═════ The data

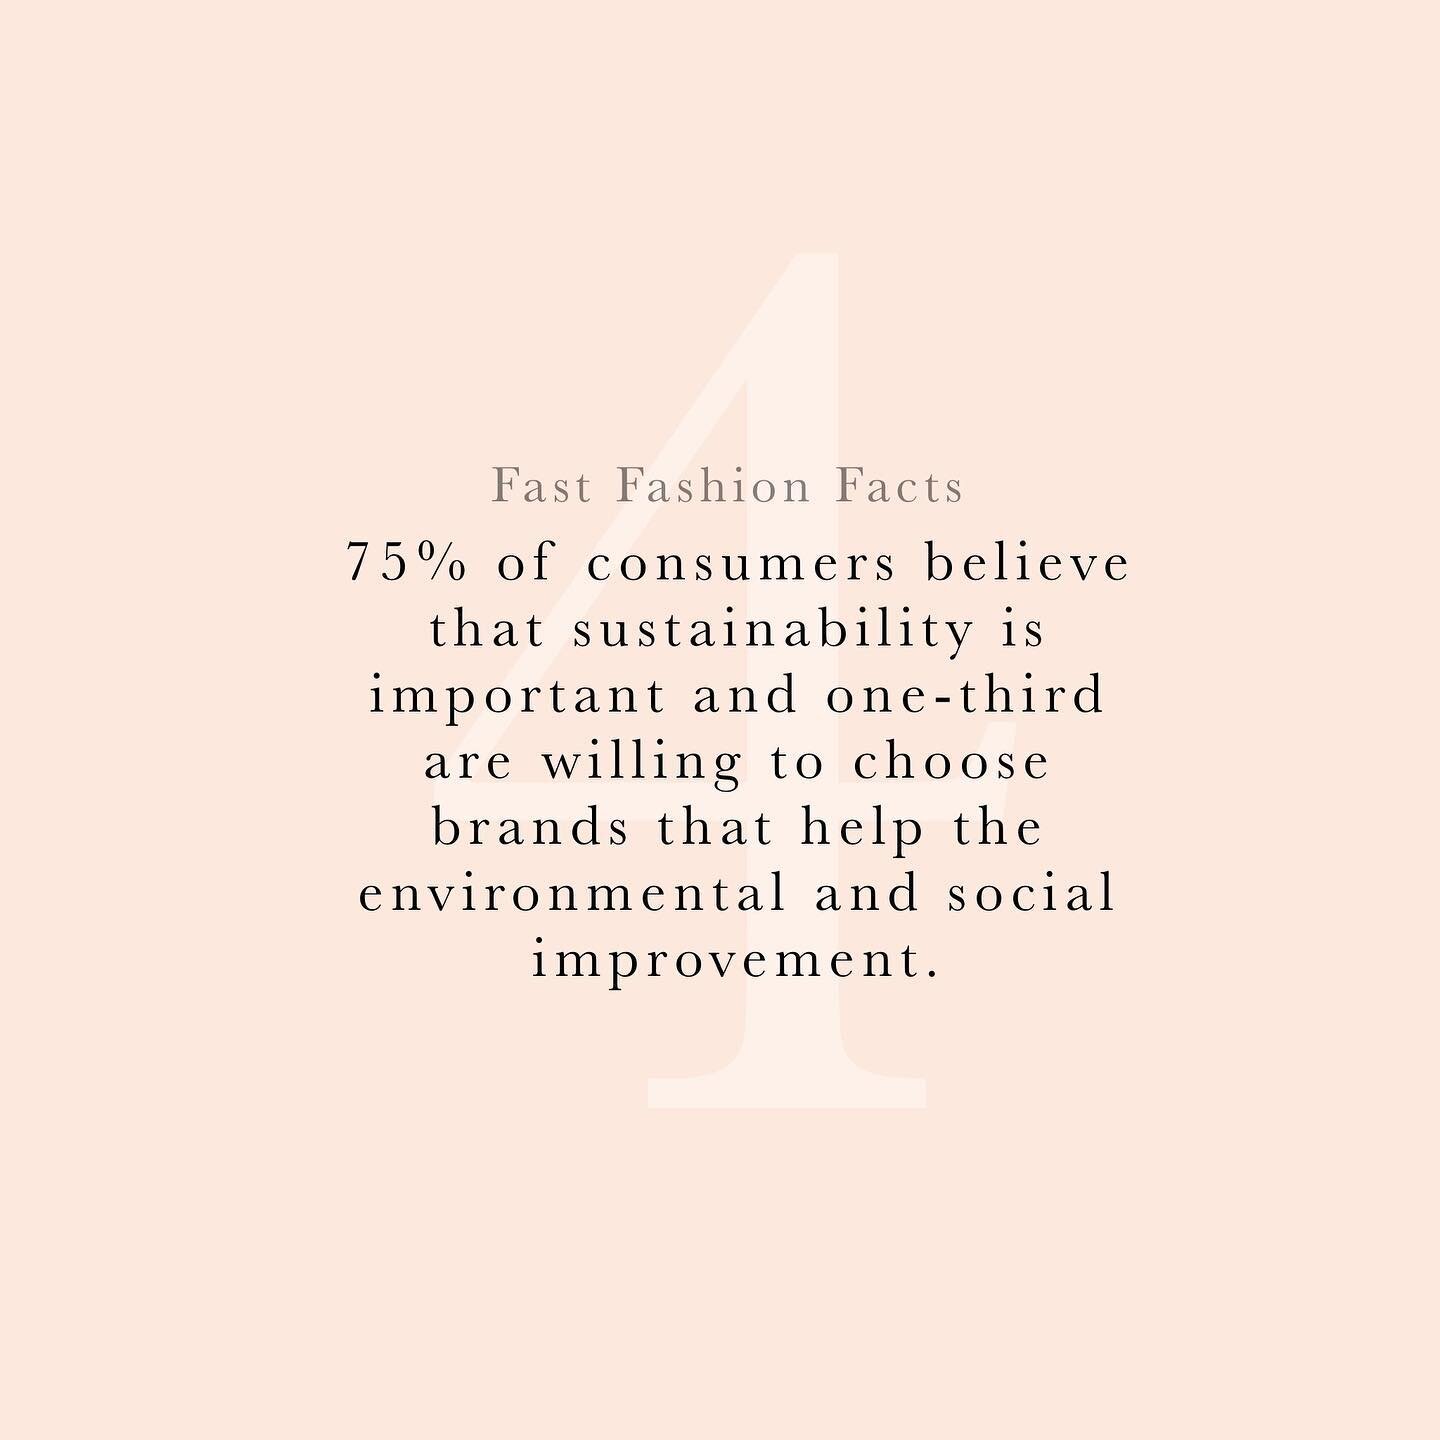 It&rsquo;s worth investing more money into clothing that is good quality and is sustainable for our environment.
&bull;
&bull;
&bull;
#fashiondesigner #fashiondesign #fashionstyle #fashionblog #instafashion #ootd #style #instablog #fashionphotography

══════════

> Exercise objective
Leave the pictures out and reproduce all of the records exactly.

> Your solution
 It&rsquo;s worth investing more money into clothing that is good quality and is sustainable for our environment.
&bull;
&bull;
&bull;
#fashiondesigner #fashiondesign #fashionstyle #fashionblog #instafashion #ootd #style #instablog #fashionphotography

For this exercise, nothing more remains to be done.